45) İyi Kişileri Ziyaret Edip Sohbette Bulunmak

Bu bölümdeki iki ayet ve on beş hadis-i şeriften, Musa ile Hızır kıssasını, Allah rızasını arayan garib Müslümanlarla birlikte olmanın gerekliliğini, peygamber dostlarının yine peygamber dostları tarafından nasıl ziyaret edildiğini, sadece Allah rızasını kazanmak için uzak mesafelerdeki din kardeşlerin de ziyaret edilmesi gerektiğini, hasta ziyaretine gidenin cennette kendine barınak hazırladığını, iyi arkadaşla kötü arkadaşın benzerinin misk ve duman gibi olduğunu, kadının dört sebepten biri için nikahlanabileceğini, Meleklerin bile Rablerinin emri ve müsaadesi olmadan yeryüzüne inemeyeceklerini, mü'minlerin dost edinilip yolunu Allah ve kitap ile bulanlara yemek yedirilmesi gerektiğini, insanın arkadaştan etkilendiğini dolayısıyla kişinin kimi arkadaş edineceğine dikkat etmesi, gerektiğini, kişinin sevdiğiyle beraber olacağını, kişinin kıyametin ne zaman kopacağını değil ora için ne hazırladığını bilmesi gerektiğini, insanların da aynen madenler gibi olduğunu İslam öncesi dönemde hayırlı olanların İslam döneminde de İslamı kavradıklarında hayırlı olacaklarını, Hz. Ömer ile Yemen'li Üveys'in konuşmalarını, Hac ve Umre yapmak için gidenlere bizi de duadan unutma denileceğini, Rasulullah ( s.a.v.)'in yaya ve binitli olarak Kuba mescidini ziyaret edip iki rekat namaz kıldığını öğreneceğiz. [1]
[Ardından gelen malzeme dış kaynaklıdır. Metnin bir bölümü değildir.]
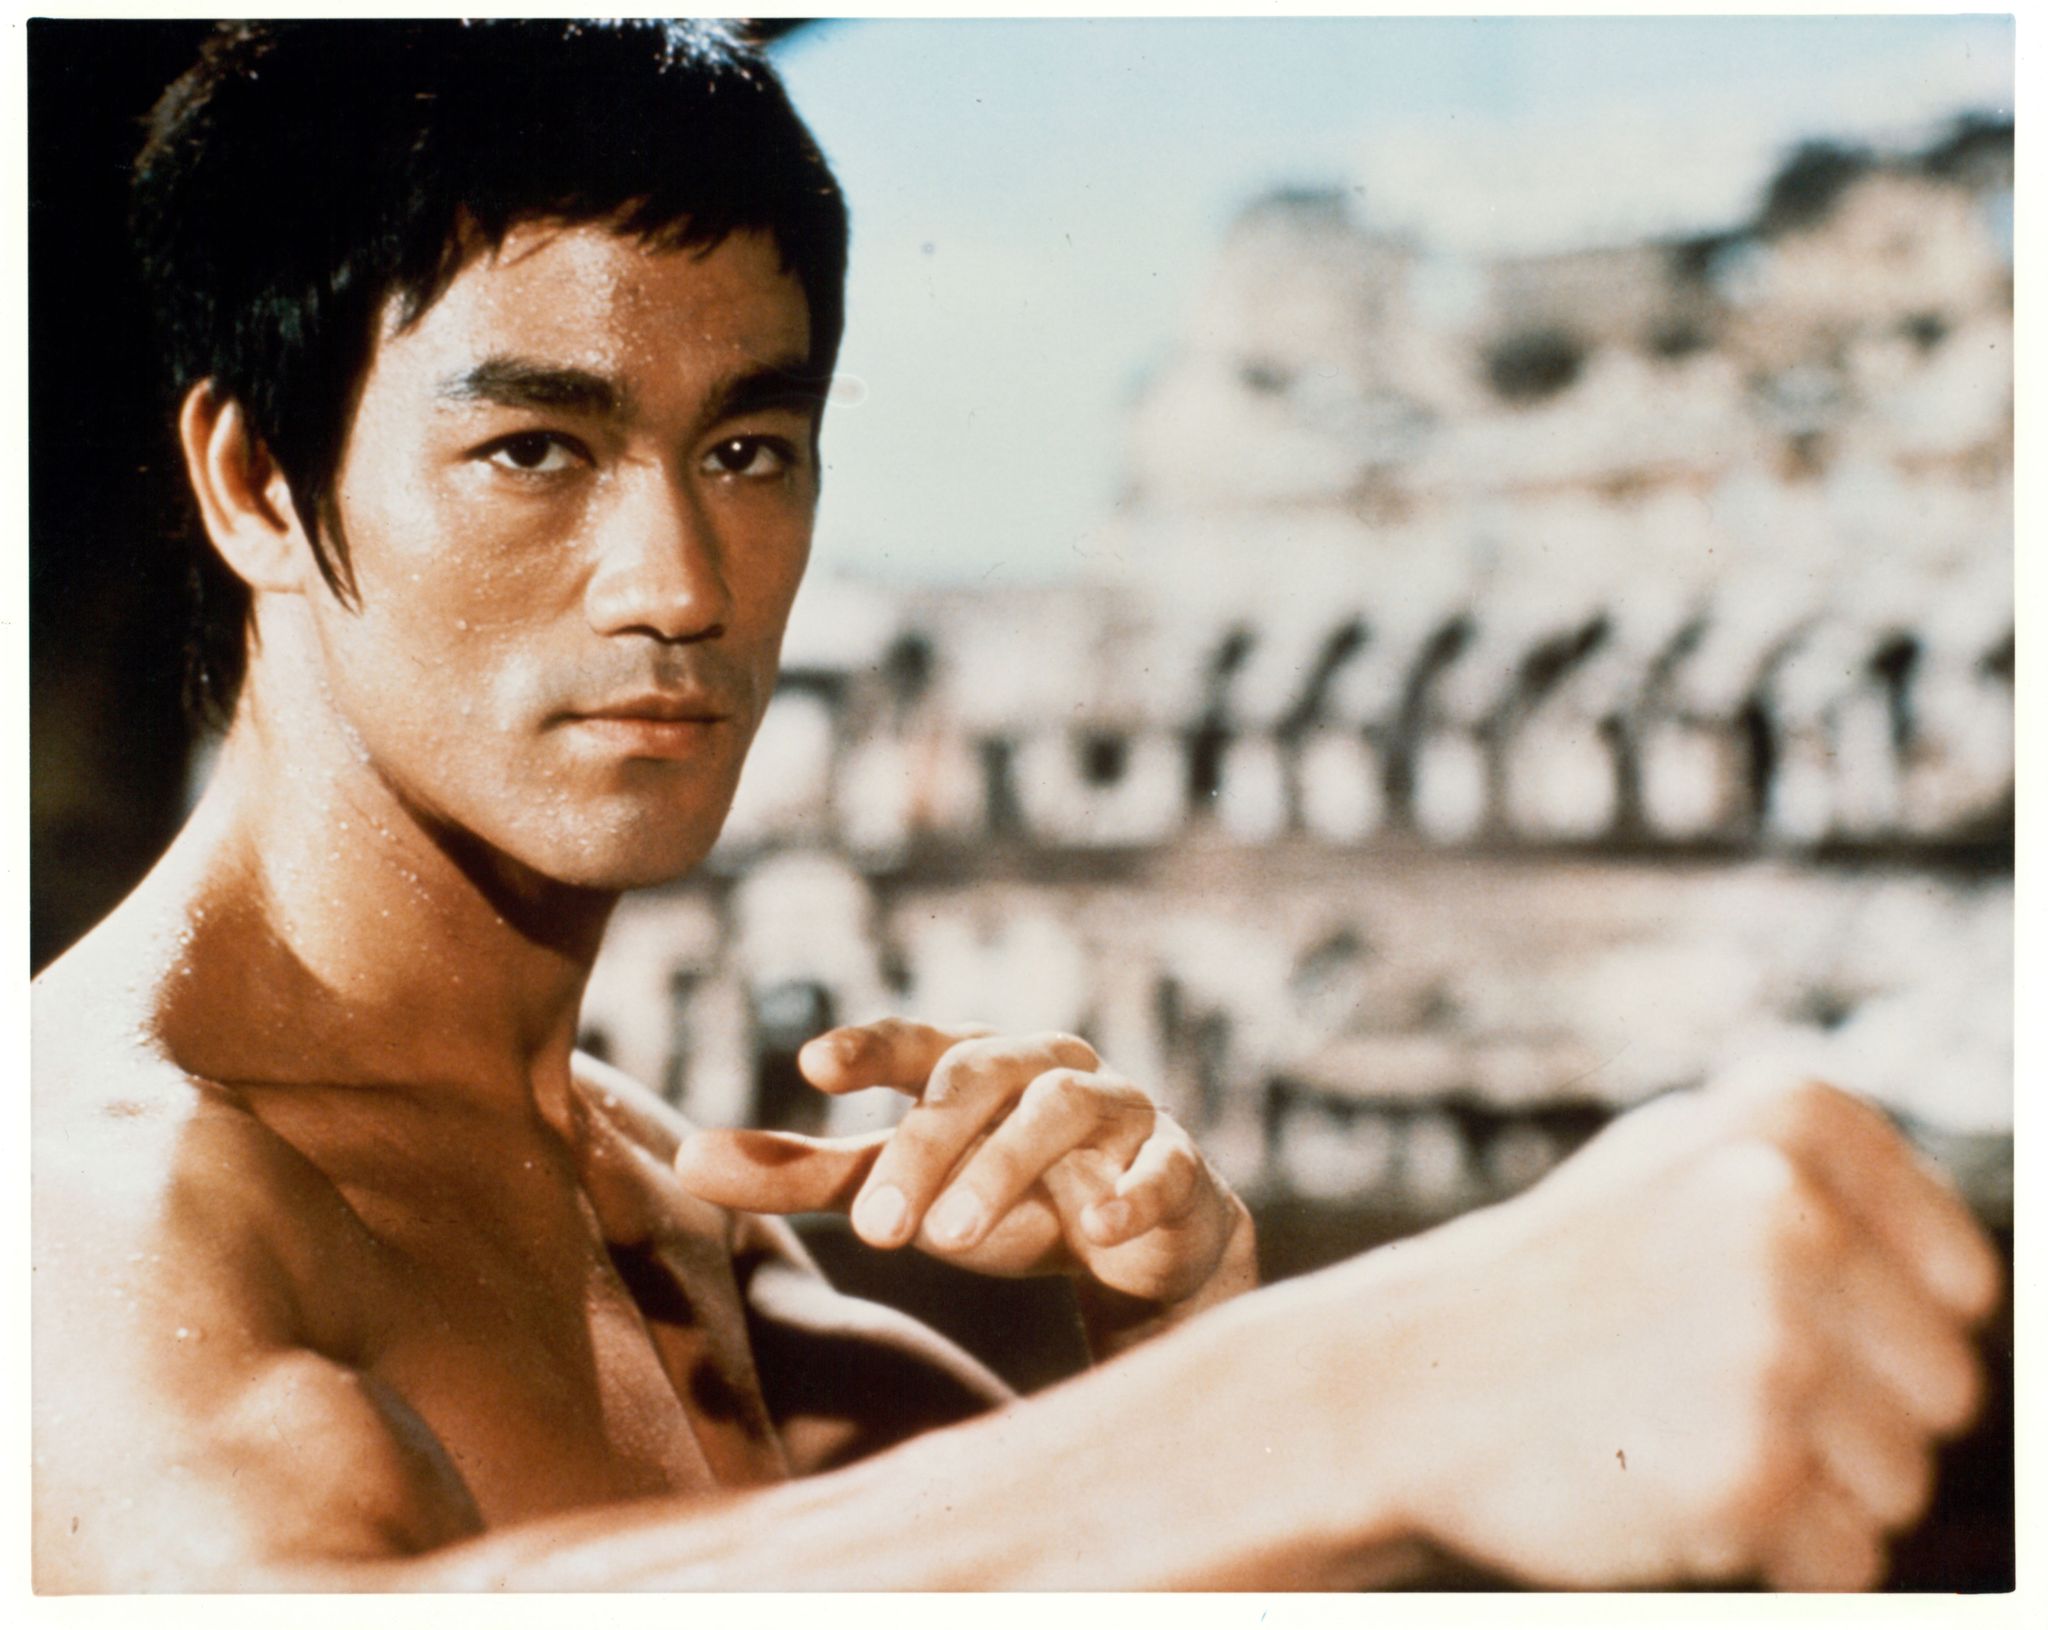 Warrior  Série criada por Bruce Lee contrata seu protagonista

[1] Abdullah Parlıyan, Açıklamalı Tam Riyazu's-Salihin Tercümesi: 133

"Bir vakit Musa genç arkadaşına demişti ki "İki denizin birleştiği yere kadar yola devam edeceğim yahut da yıllarca bu uğurda uğraşacağım." İki denizin kavuştuğu yere vardıkları zaman balıklarını unutmuşlardı. Balık denize atlamış dalıp bir yol tutmuş gitmişti. Orayı geçtiklerinde, Musa genç arkadaşına "Kuşluk yemeğimizi getir" dedi. Gerçekten de şu yolculuk yordu bizi. Arkadaşı gördün mü? dedi. Kayanın yanında oturduğumuz zaman balığı unutmuştum, onu bana unutturan ve sana söylememe engel olan da ancak şeytandır. Tuhaf şey nasıl da yol bulup suya ulaştı. Musa: "Buydu aradığımız işte ya!" dedi ve izleri üzerinde hemen geri döndüler ve orada kullarımızdan bir kul buldular ki biz katımızdan ona rahmet verip özel bilgiyle donatmıştık onu. Musa o'na sana öğretilen hakiki ilimden bana öğretmek üzere senin peşinden gelebilir miyim, dedi." (Kehf: 18/60-66)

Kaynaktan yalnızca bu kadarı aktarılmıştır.